MATERIAL PROVIDED:
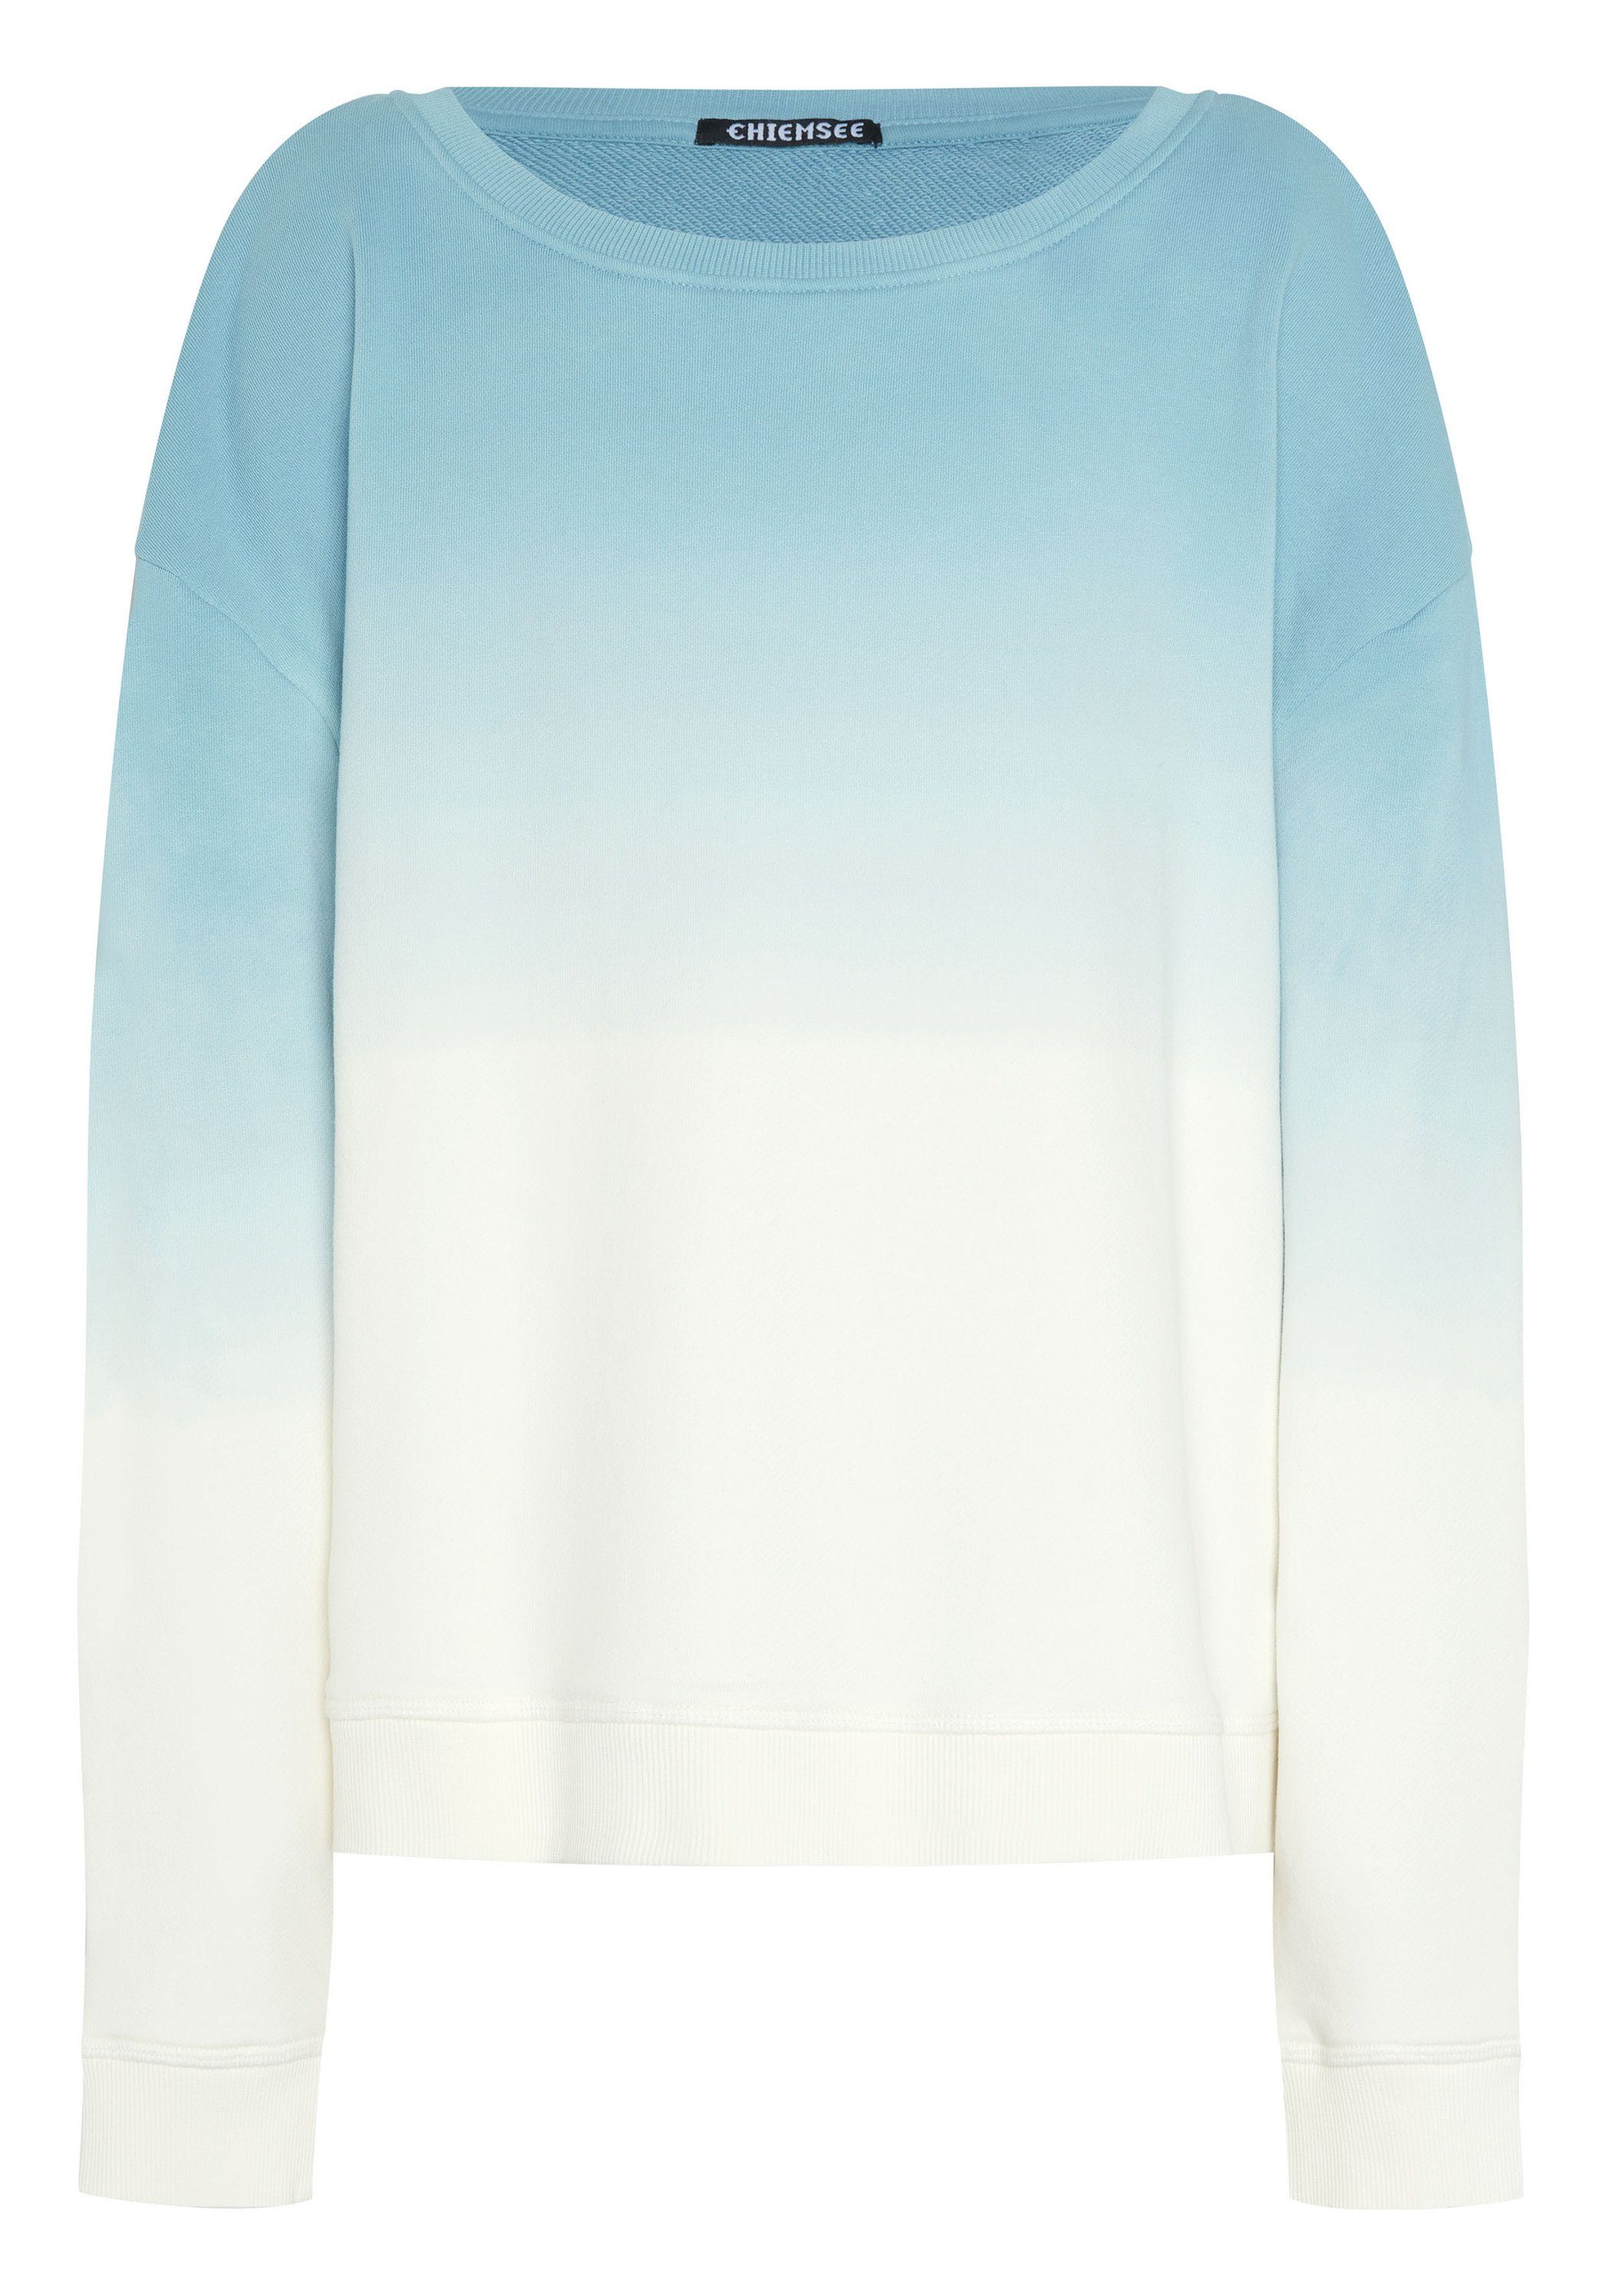 Chiemsee Sweatshirt Sweater mit Print und Farbverlauf 1 4510 Medium Blue/White
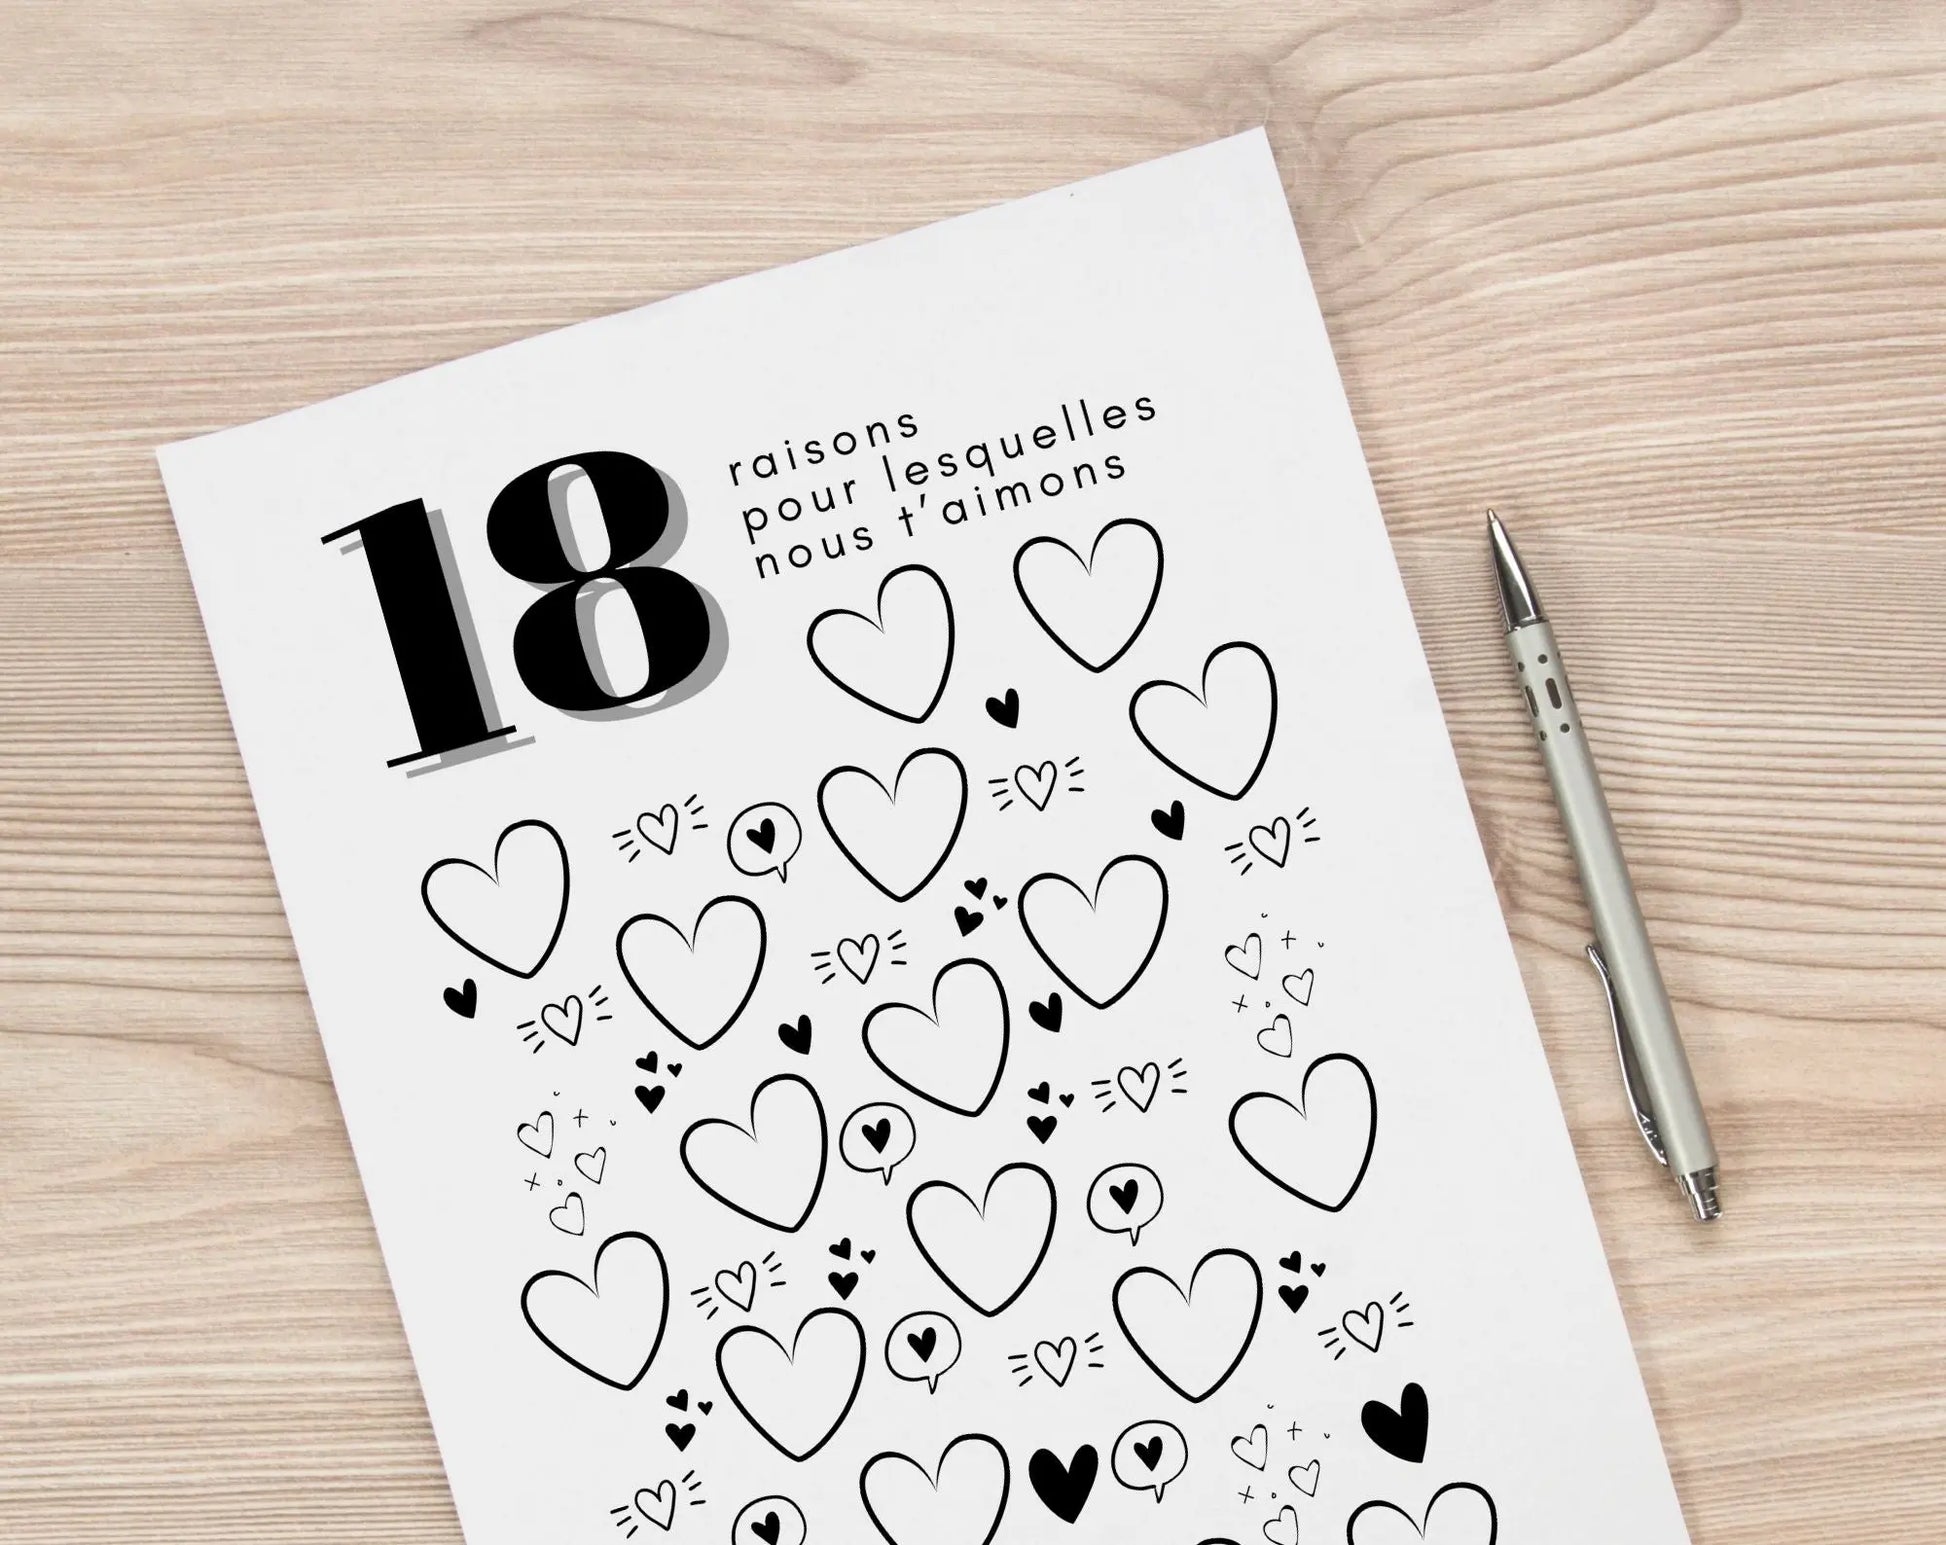 Affiche 18 raisons pour lesquelles nous t’aimons - Livre d'or 18 ans FLTMfrance
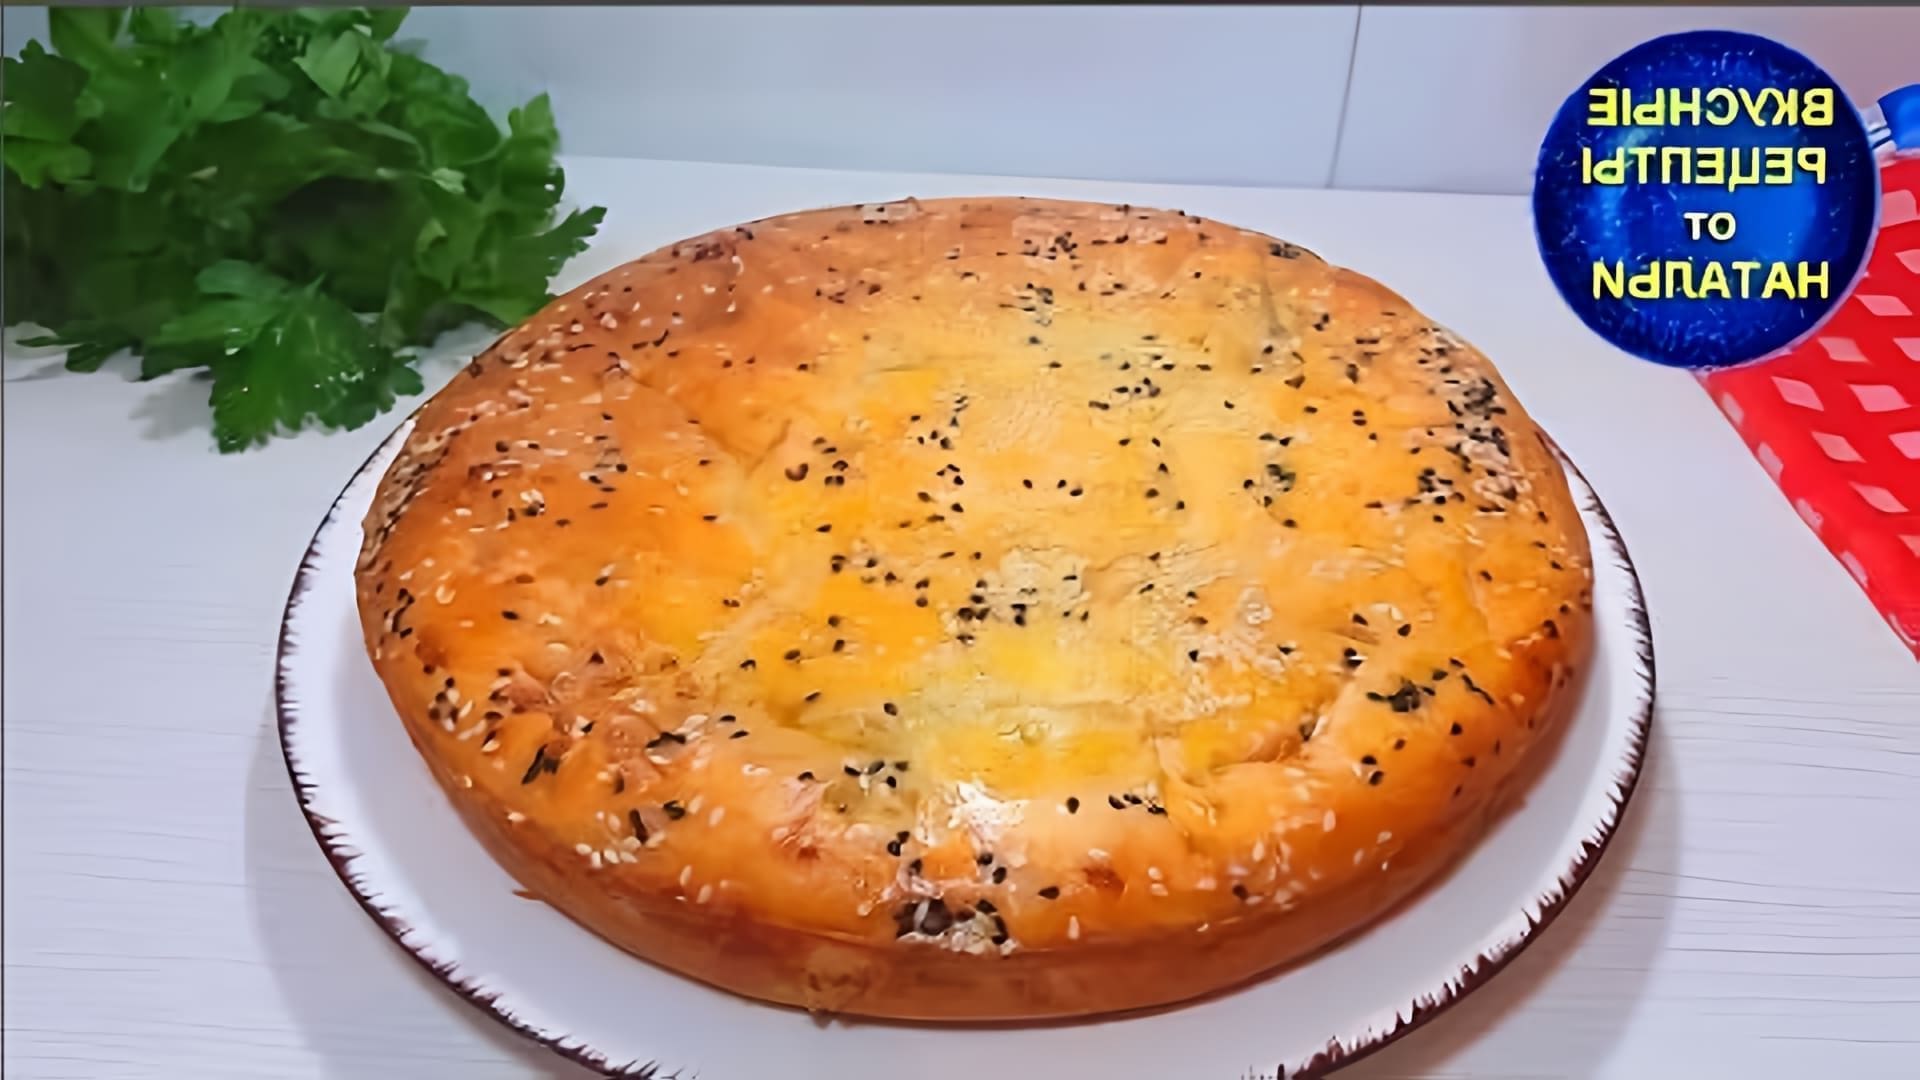 В этом видео демонстрируется рецепт приготовления заливного пирога с мясом и капустой

WHAT IS REQUIRED:
In your copy, include no pictures; print every line above exactly.

ANSWER AREA:
 Chiemsee Sweatshirt Sweater mit Print und Farbverlauf 1 4510 Medium Blue/White
 Affiche 18 raisons pour lesquelles nous t’aimons - Livre d'or 18 ans FLTMfrance
 В этом видео демонстрируется рецепт приготовления заливного пирога с мясом и капустой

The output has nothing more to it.